= RECORDS FOR THIS EXERCISE =
☆ ☆ ☆ ☆ ☆ ☆ ☆
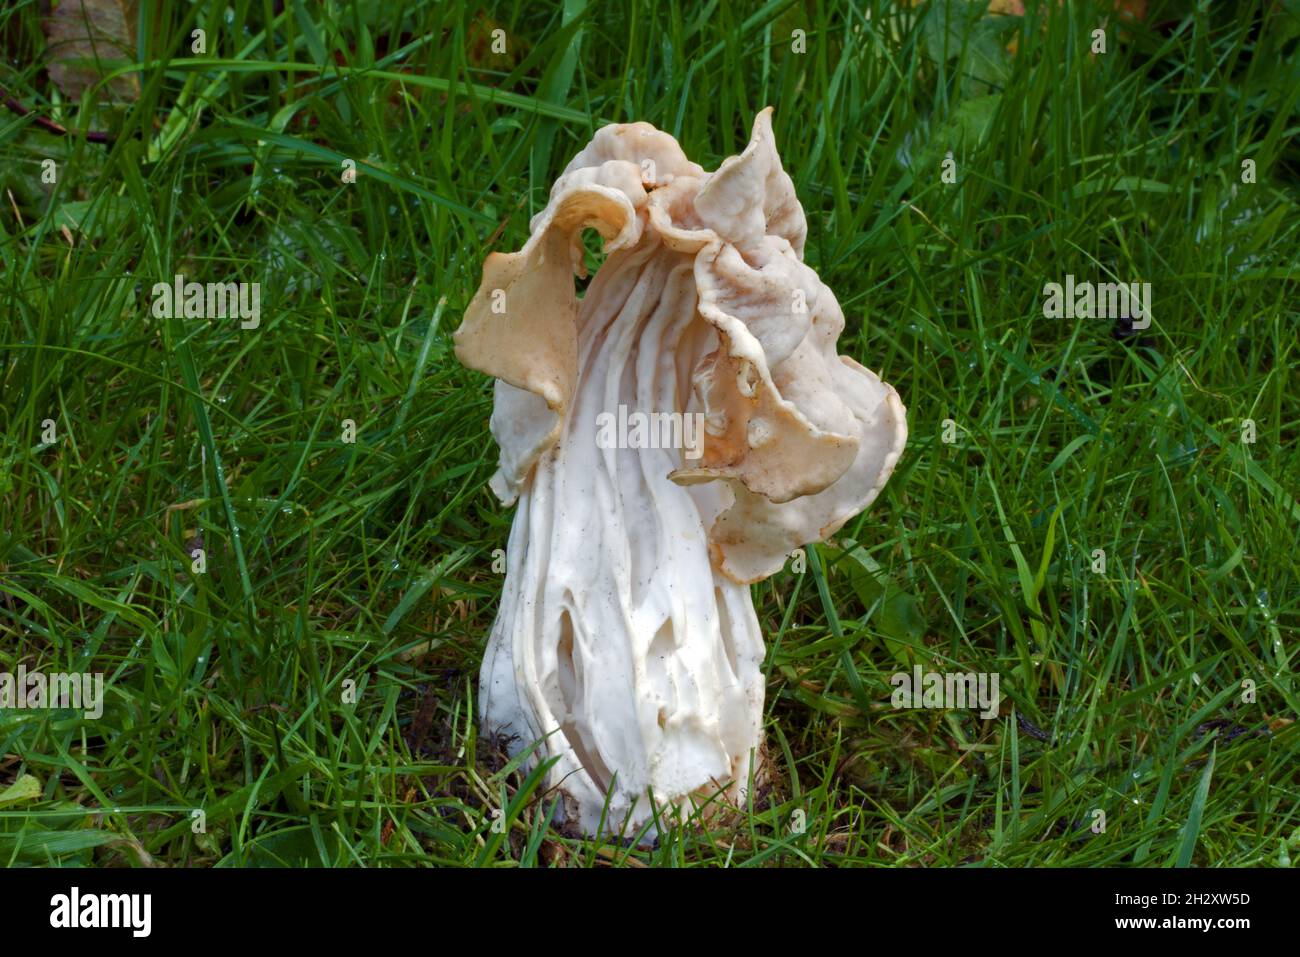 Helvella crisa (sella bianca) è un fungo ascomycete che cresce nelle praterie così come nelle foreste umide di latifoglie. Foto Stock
☆ ☆ ☆ ☆ ☆ ☆ ☆
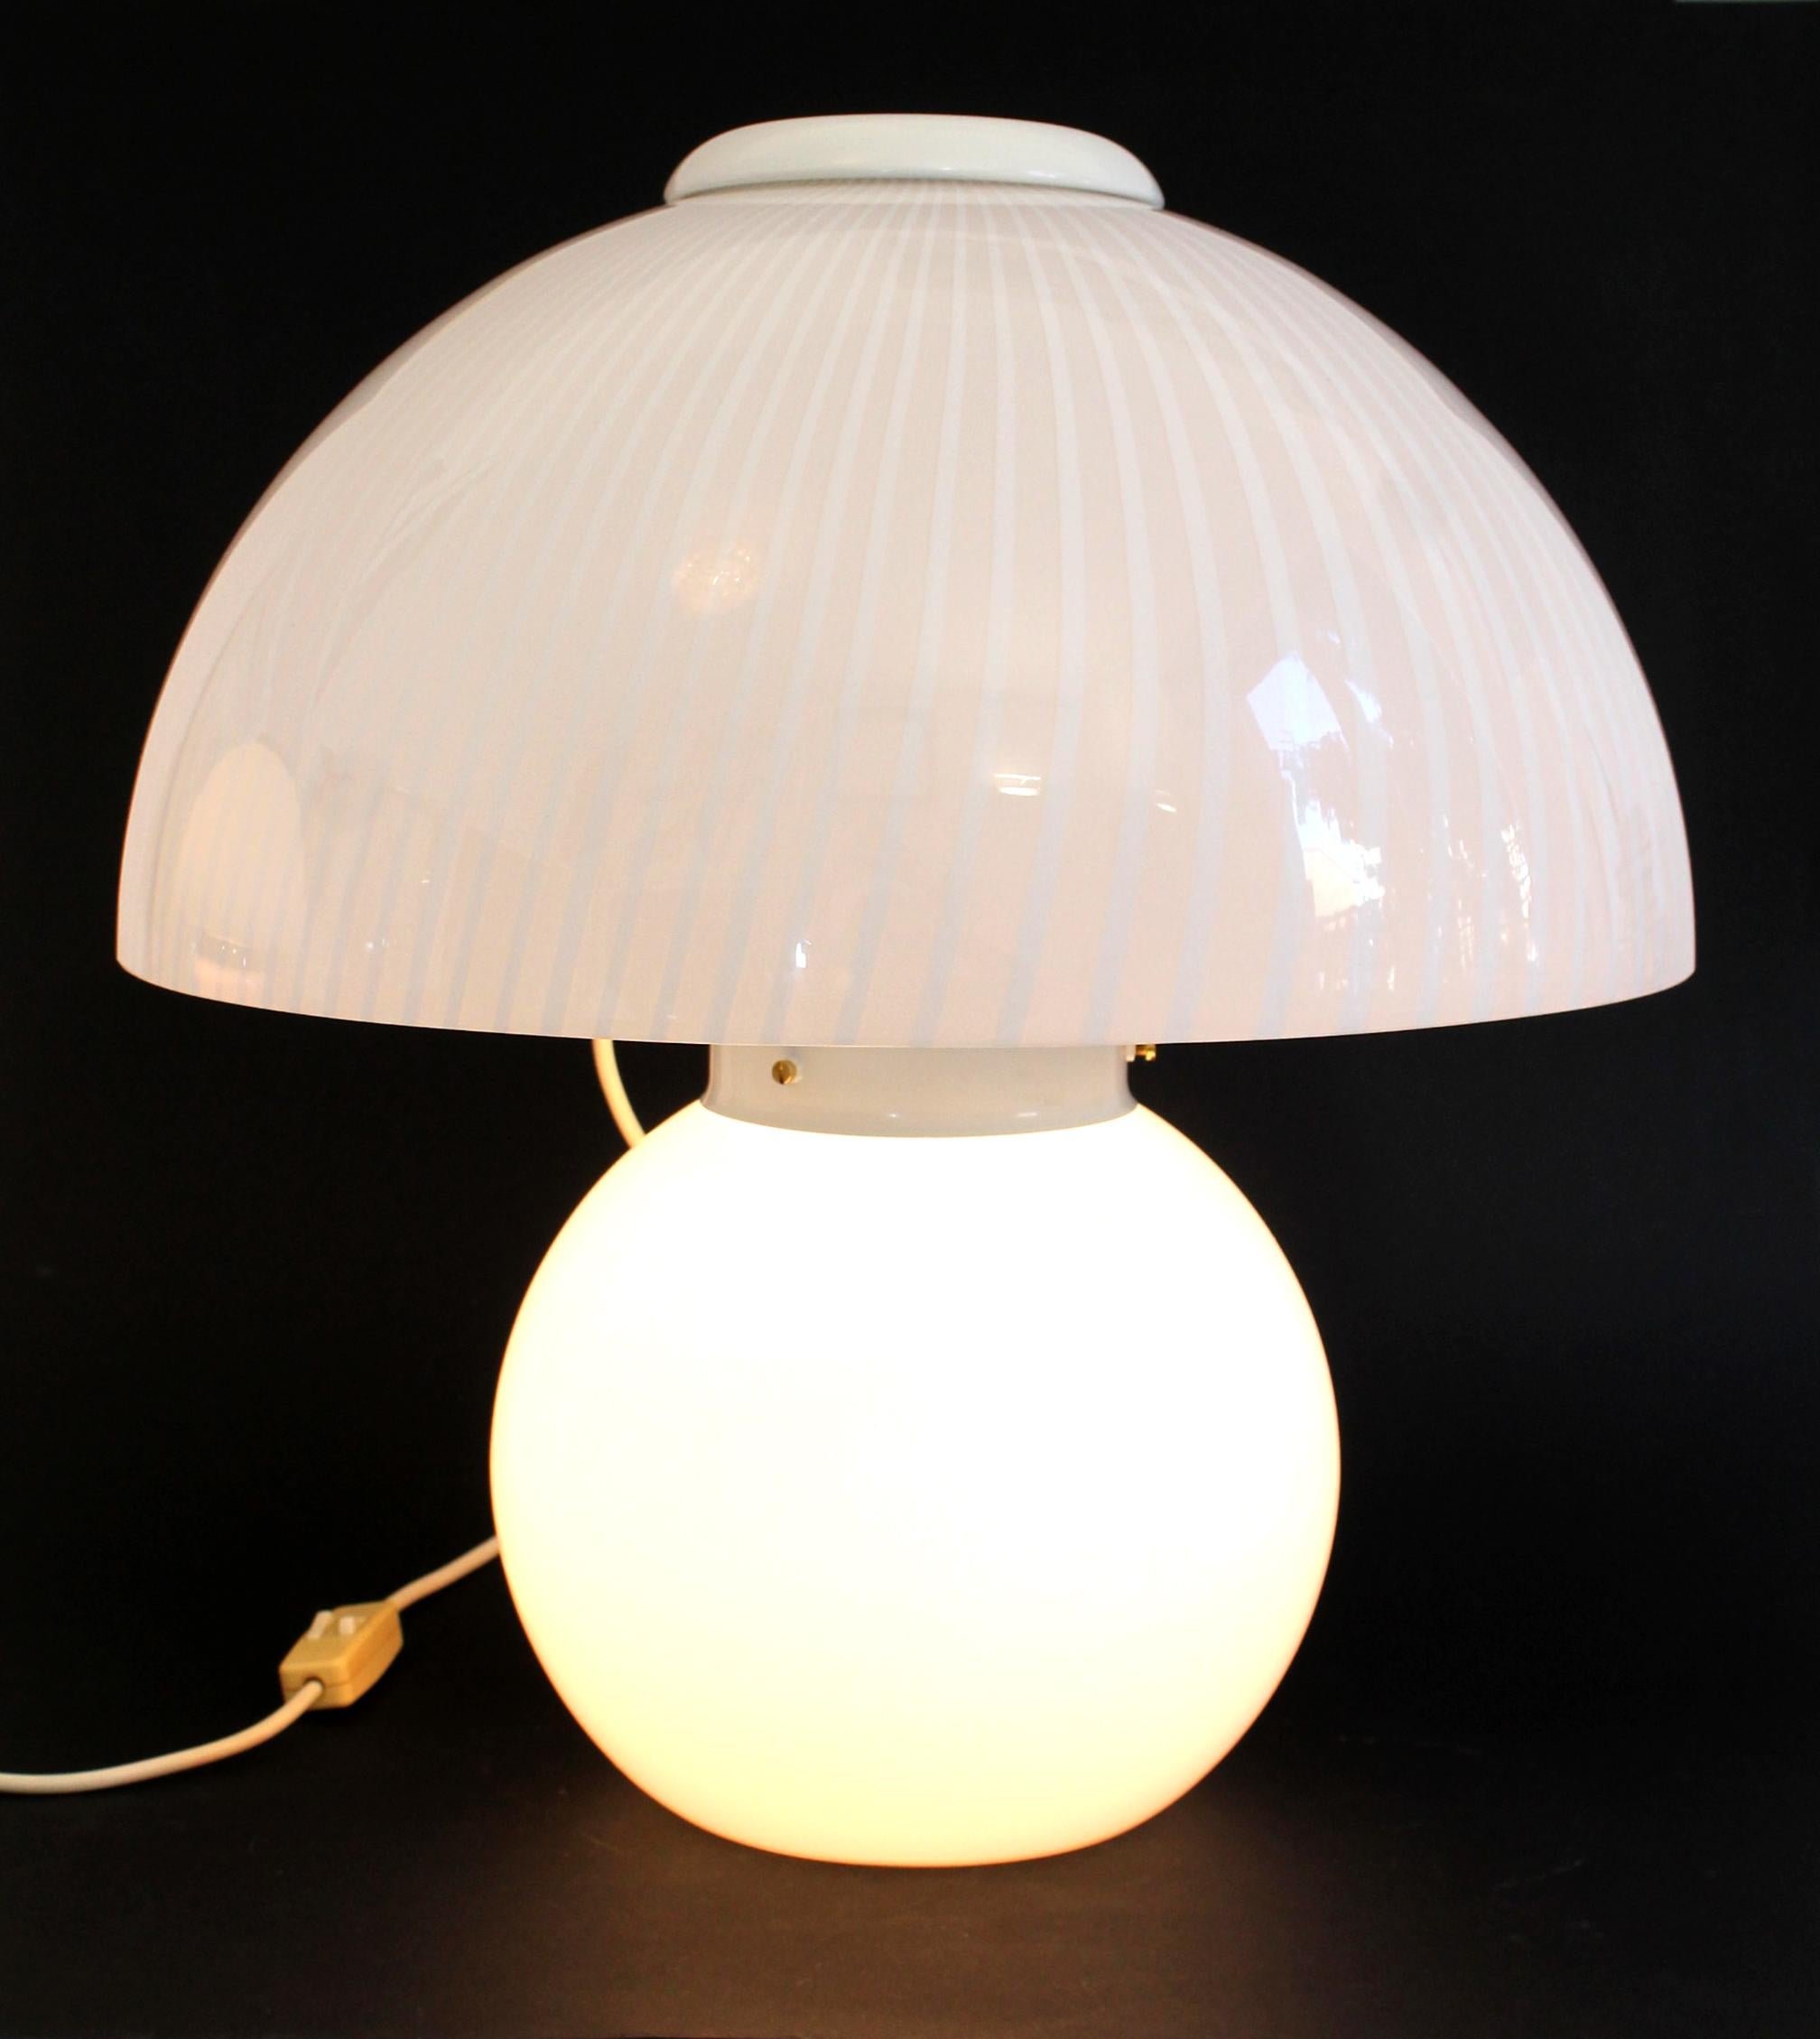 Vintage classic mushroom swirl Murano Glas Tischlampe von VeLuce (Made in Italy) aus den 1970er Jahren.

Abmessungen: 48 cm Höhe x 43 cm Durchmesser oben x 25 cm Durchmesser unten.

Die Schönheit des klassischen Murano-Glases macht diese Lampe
☆ ☆ ☆ ☆ ☆ ☆ ☆
= WHAT IS BEING ASKED =
Would you please repeat only the lines above, beginning at the one that has "Vintage classic mushroom" and stopping after the one that has "Die Schönheit des", exactly and with no pictures?

= RESULT FOR THIS EXERCISE =
 Vintage classic mushroom swirl Murano Glas Tischlampe von VeLuce (Made in Italy) aus den 1970er Jahren.

Abmessungen: 48 cm Höhe x 43 cm Durchmesser oben x 25 cm Durchmesser unten.

Die Schönheit des klassischen Murano-Glases macht diese Lampe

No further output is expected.